4.2.1 Reasoning Parser

Step-3.5-Flash only supports reasoning mode. Enable the reasoning parser during deployment to separate the thinking and content sections:

sglang serve \
--model-path stepfun-ai/Step-3.5-Flash \
--tp 4 \
--ep 4 \
--reasoning-parser step3p5
from openai import OpenAI

client = OpenAI(
base_url="http://localhost:8000/v1",
api_key="EMPTY"
)

# Enable streaming to see the thinking process in real-time
response = client.chat.completions.create(
model="stepfun-ai/Step-3.5-Flash",
messages=[
{"role": "user", "content": "Solve this problem step by step: What is 15% of 240?"}
],
temperature=0.7,
max_tokens=2048,
stream=True
)

# Process the stream
has_thinking = False
has_answer = False
thinking_started = False

for chunk in response:
if chunk.choices and len(chunk.choices) > 0:
delta = chunk.choices[0].delta

# Print thinking process
if hasattr(delta, 'reasoning_content') and delta.reasoning_content:
if not thinking_started:
print("=============== Thinking =================", flush=True)
thinking_started = True
has_thinking = True
print(delta.reasoning_content, end="", flush=True)

# Print answer content
if delta.content:
# Close thinking section and add content header
if has_thinking and not has_answer:
print("\n=============== Content =================", flush=True)
has_answer = True
print(delta.content, end="", flush=True)

print()

Output Example:

=============== Thinking =================
We are asked: "What is 15% of 240?" We need to solve step by step.

Step 1: Understand that "15% of 240" means we need to calculate 15 percent of 240. In mathematical terms, it is (15/100) * 240.

Step 2: Simplify the calculation. We can compute 15% of 240 by first finding 10% of 240 and then 5% of 240, and adding them. Alternatively, we can multiply directly.

Method 1:
10% of 240 = 240 * 0.10 = 24.
5% is half of 10%, so 5% of 240 = 24 / 2 = 12.
Then 15% = 10% + 5% = 24 + 12 = 36.

Method 2: Direct multiplication: 15% = 15/100 = 0.15, so 0.15 * 240 = 36.

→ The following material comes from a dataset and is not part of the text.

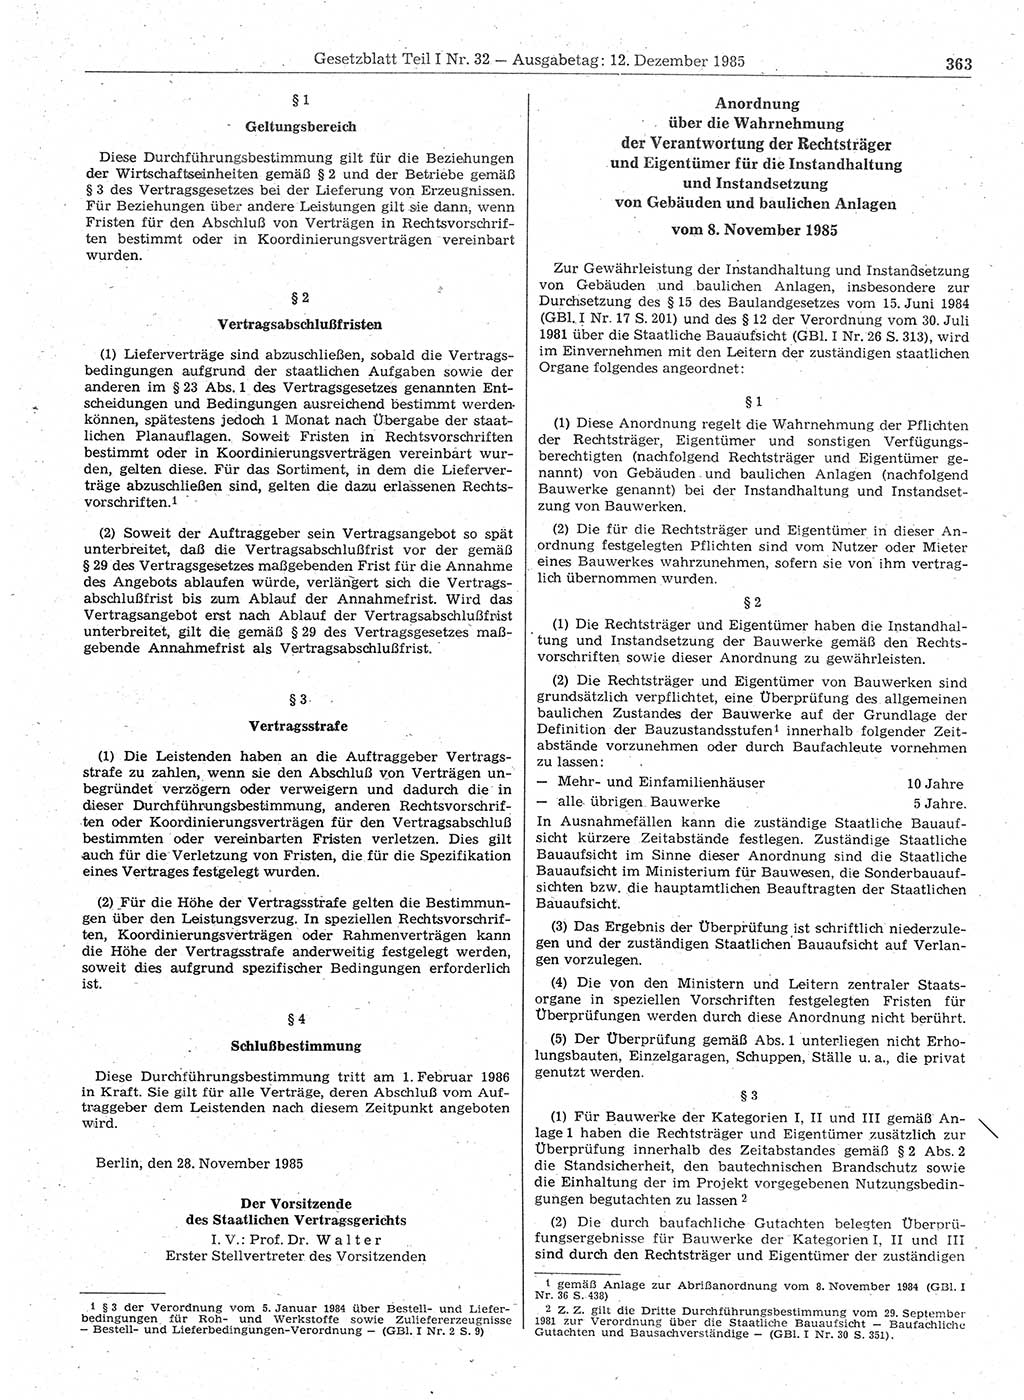 Gesetzblatt (GBl.) der Deutschen Demokratischen Republik (DDR) Teil Ⅰ 1985, Seite 363 (GBl. DDR Ⅰ 1985, S. 363)

We can also compute fractionally: (15/100)*240 = (15*240)/100. 15*240 = 3600, divided by 100 gives 36.

Thus, the answer is 36.

We'll present the solution step by step.

=============== Content =================

To find 15% of 240, follow these steps:

1. **Convert the percentage to a decimal**:
\( 15\% = \frac{15}{100} = 0.15 \)

2. **Multiply by the number**:
\( 0.15 \times 240 = 36 \)

Alternatively, break it down:
- \( 10\% \text{ of } 240 = 240 \times 0.10 = 24 \)
- \( 5\% \text{ of } 240 = \frac{24}{2} = 12 \) (since 5% is half of 10%)
- \( 15\% = 10\% + 5\% = 24 + 12 = 36 \)

**Answer:** 36

4.2.2 Tool Calling

Step-3.5 supports tool calling capabilities. Enable the tool call parser:

Python Example:

Start sglang server:

sglang serve \
--model-path stepfun-ai/Step-3.5-Flash \
--tp 4 \
--ep 4 \
--reasoning-parser step3p5 \
--tool-call-parser step3p5
from openai import OpenAI
import json

client = OpenAI(
base_url="http://localhost:30000/v1",
api_key="EMPTY"
)

# 1. define tools
tools = [
{
"type": "function",
"function": {
"name": "get_weather",
"description": "Get the current weather for a location",
"parameters": {
"type": "object",
"properties": {
"location": {"type": "string", "description": "The city name"},
"unit": {"type": "string", "enum": ["celsius", "fahrenheit"], "description": "Temperature unit"}
},
"required": ["location"]
}
}
}
]

# 2. tool run
def get_weather(location, unit="celsius"):
return f"The weather in {location} is 22°{unit[0].upper()} and sunny."

# 3. send first request
print("--- Sending first request ---")
response = client.chat.completions.create(
model="stepfun-ai/Step-3.5-Flash",
messages=[
{"role": "user", "content": "What's the weather in Beijing?"}
],
tools=tools,
temperature=1.0,
stream=False
)

message = response.choices[0].message

# 4. Handle Reasoning Content
reasoning = getattr(message, 'reasoning_content', None)
if reasoning:
print("=============== Thinking =================")
print(reasoning)
print("==========================================")

# 5. Handle Tool Calls
if message.tool_calls:
print("\n🔧 Tool Calls detected:")
history_messages = [
{"role": "user", "content": "What's the weather in Beijing?"},
message
]

for tool_call in message.tool_calls:
print(f" Tool: {tool_call.function.name}")
print(f" Args: {tool_call.function.arguments}")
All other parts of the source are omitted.